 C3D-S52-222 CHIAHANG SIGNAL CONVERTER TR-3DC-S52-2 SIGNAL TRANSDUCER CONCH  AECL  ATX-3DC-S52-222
● ● ● ● ● ● ●
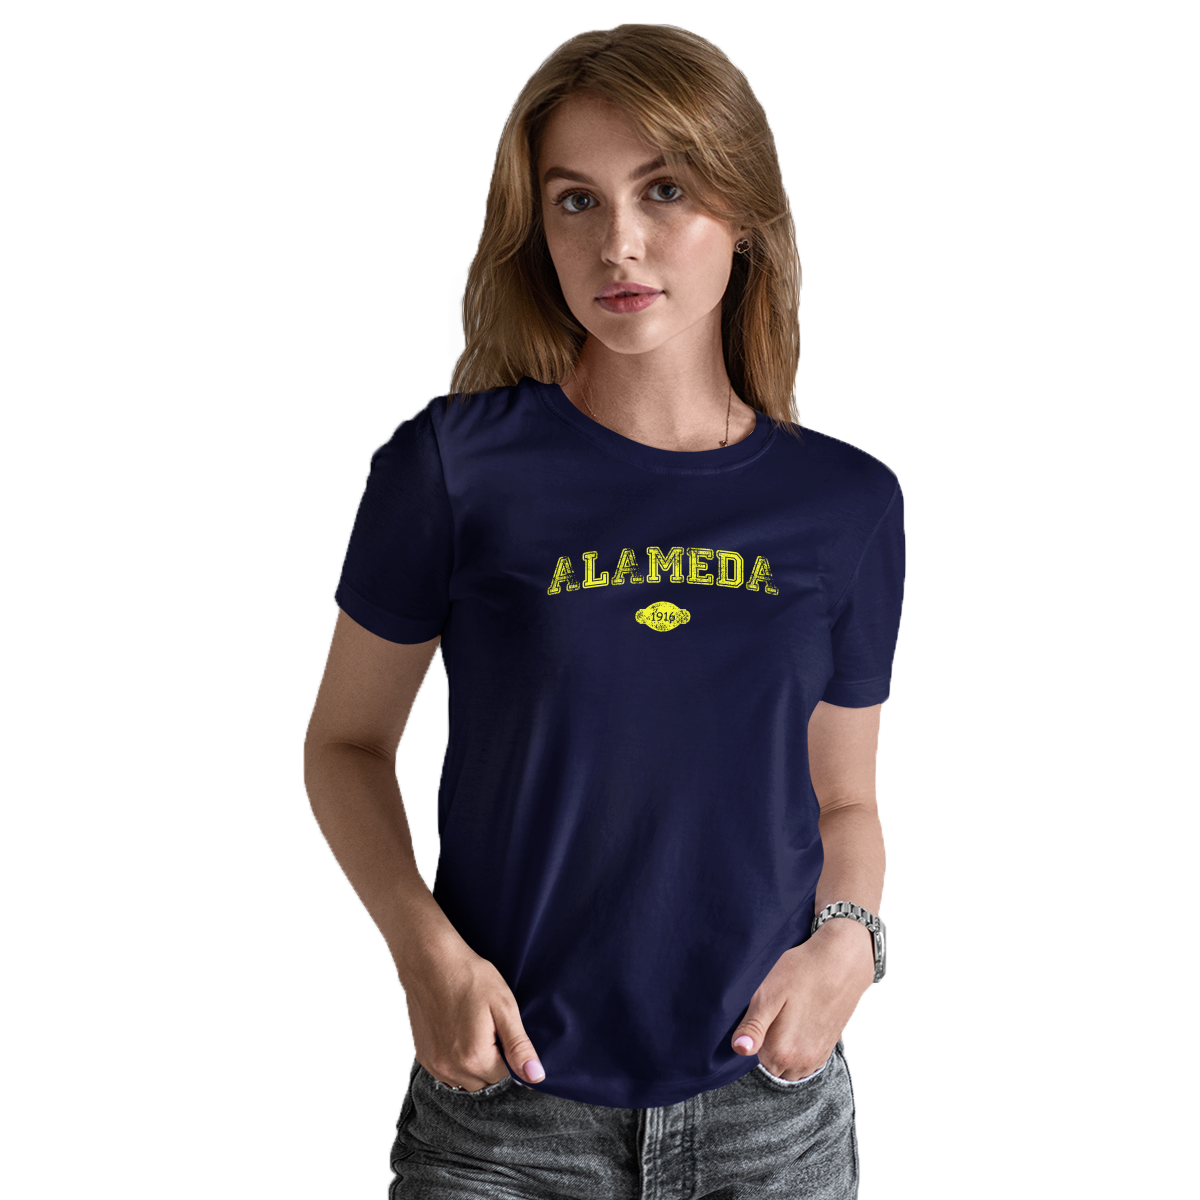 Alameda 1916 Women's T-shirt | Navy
● ● ● ● ● ● ●
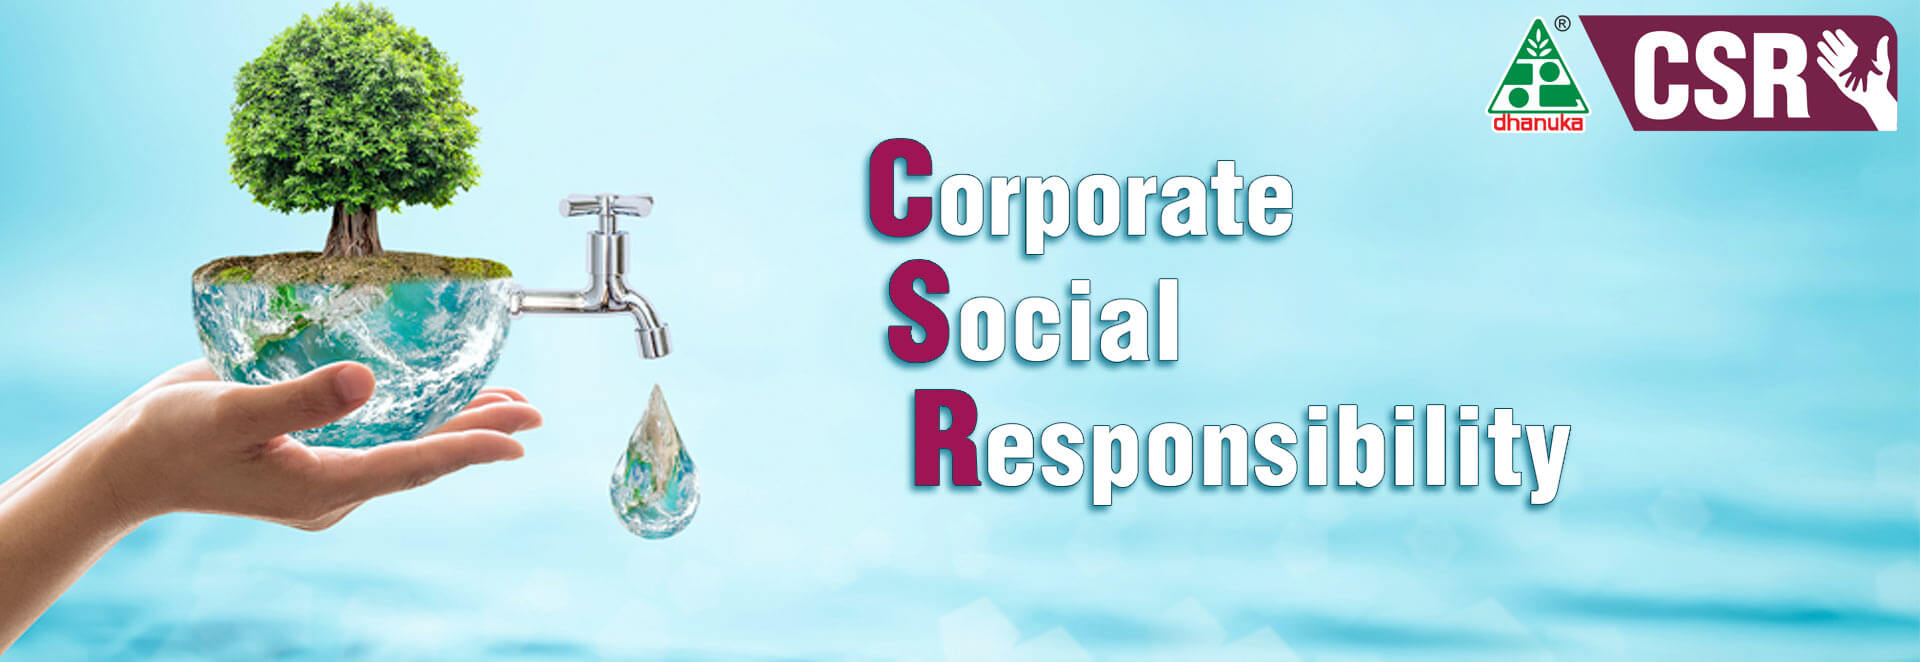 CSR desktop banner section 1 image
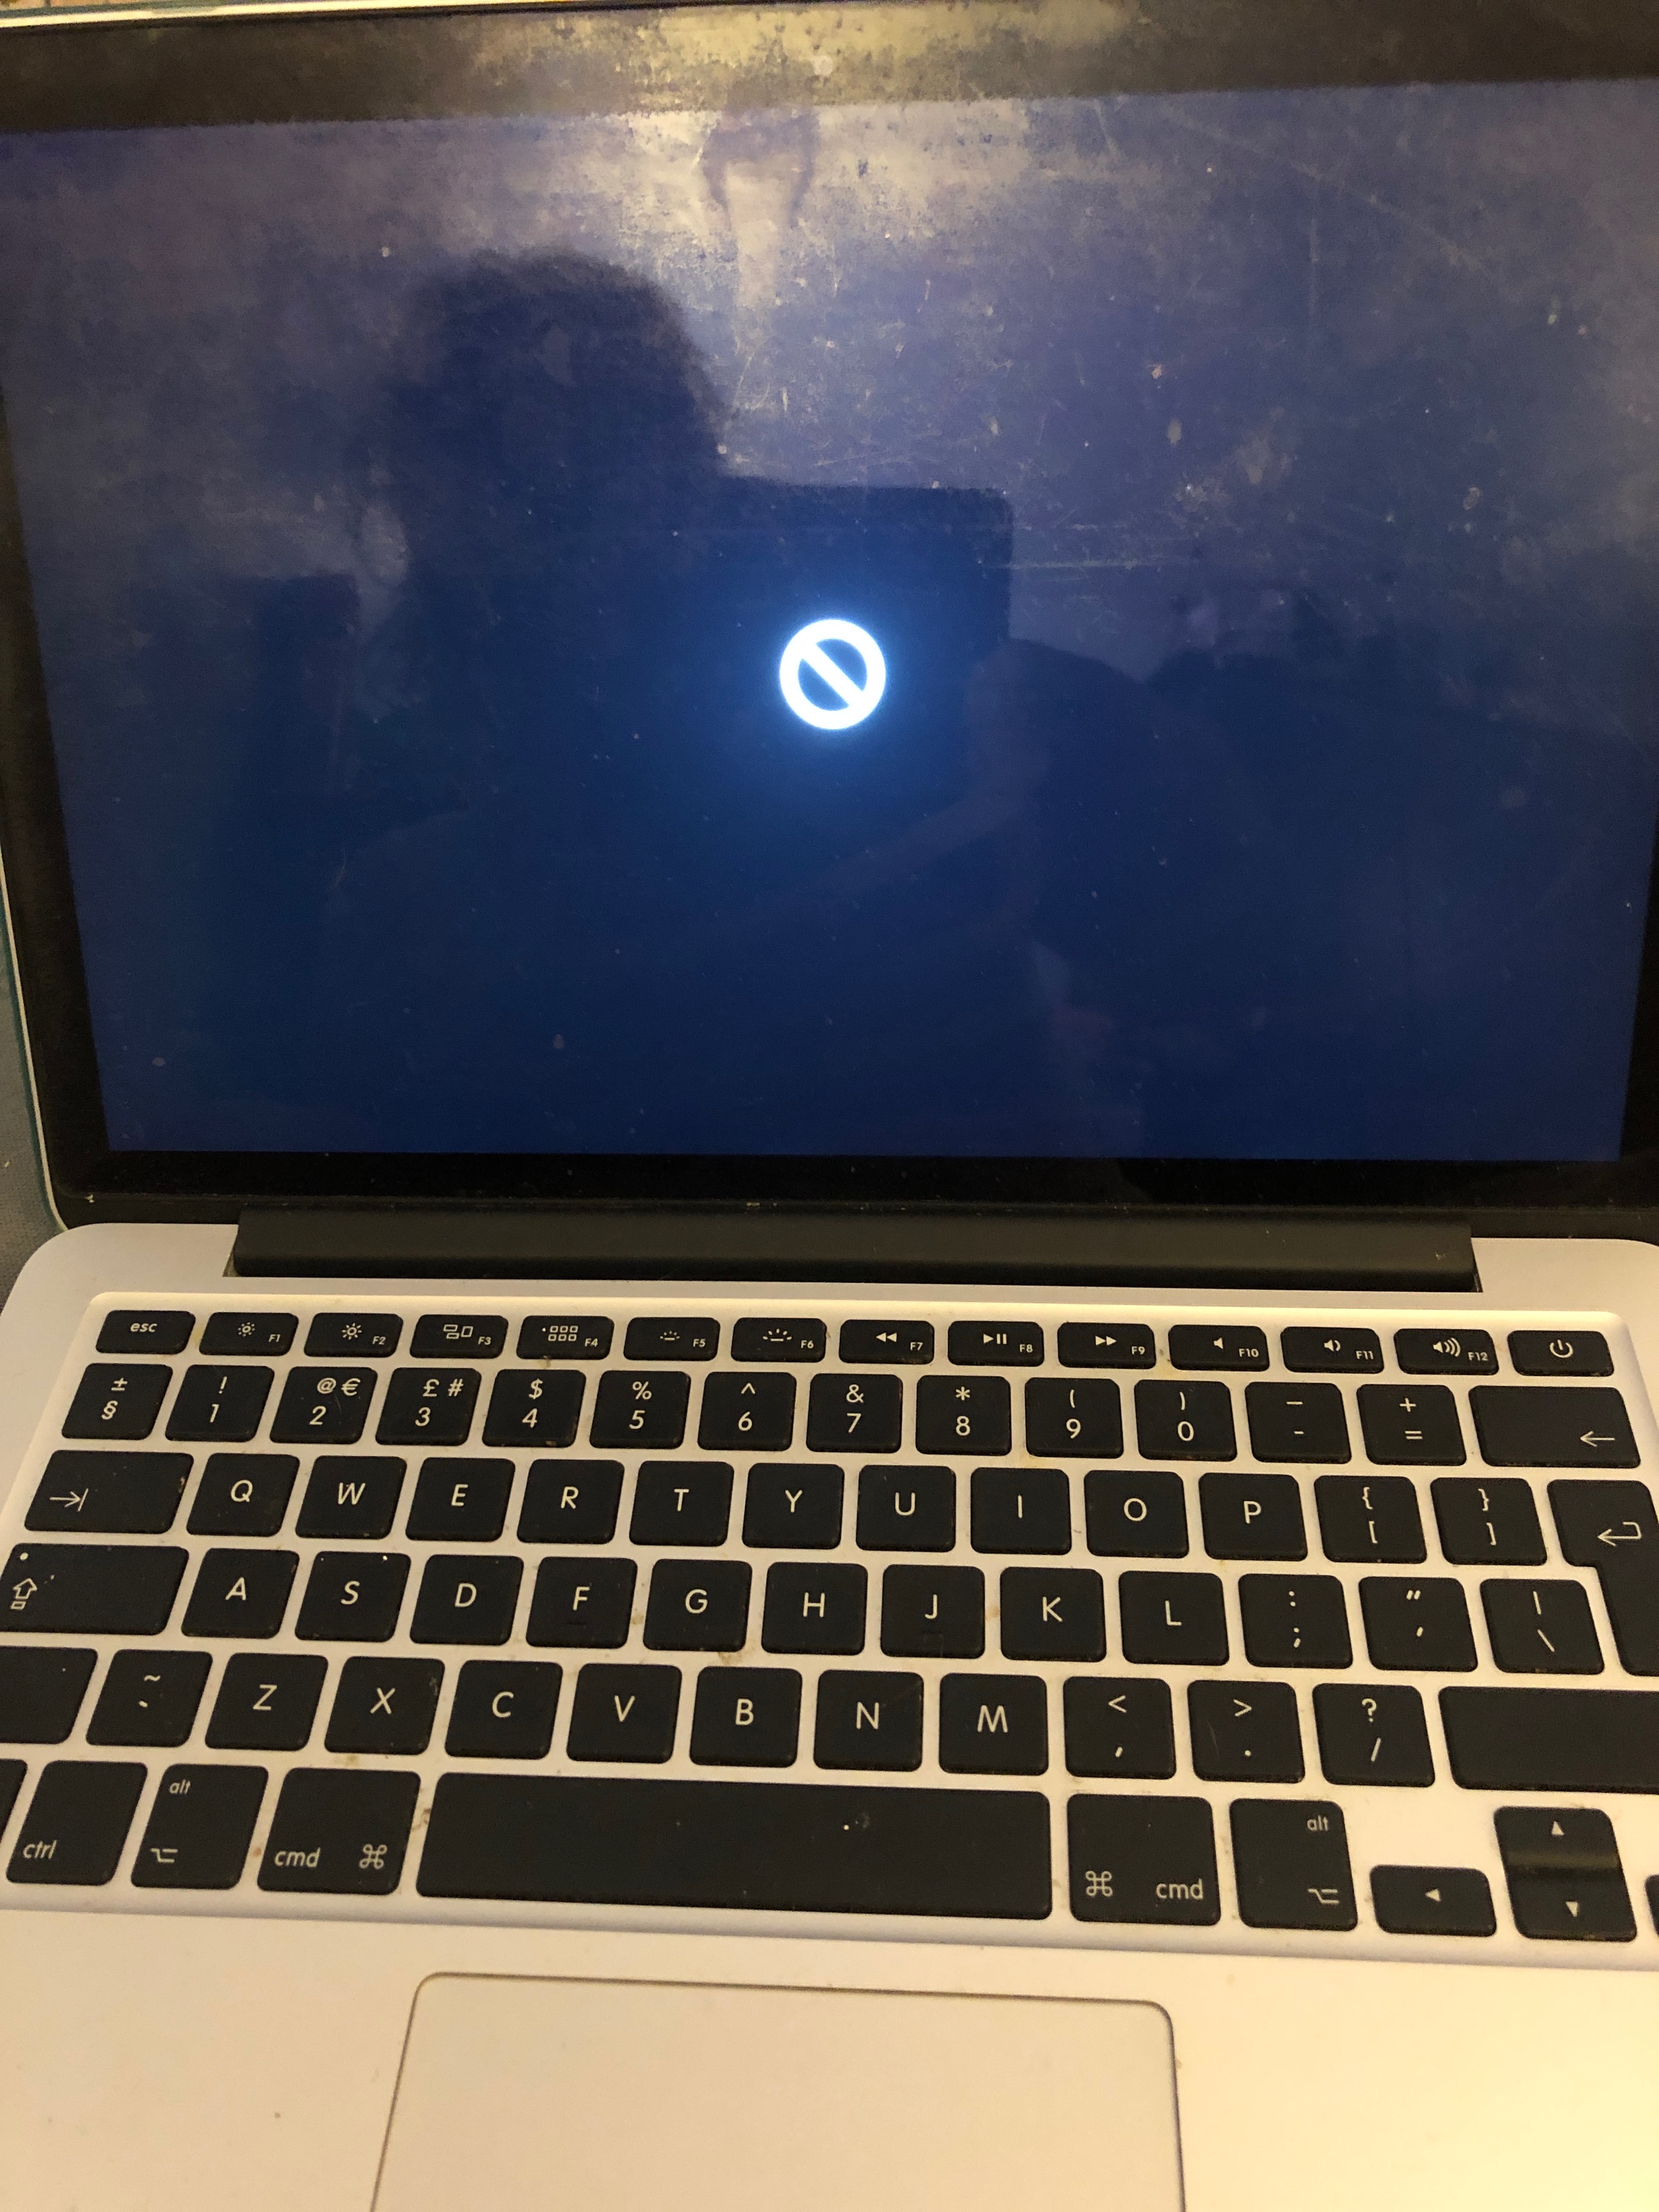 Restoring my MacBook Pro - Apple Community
● ● ● ● ● ● ●
● **Aim of the exercise**
Look through the material above. Transcribe exactly the lines between the ones with "CSR desktop banner section 1 image" and "Restoring my MacBook Pro - Apple Community", inclusive, and keep pictures out.

● **Completed exercise**
 CSR desktop banner section 1 image
 Restoring my MacBook Pro - Apple Community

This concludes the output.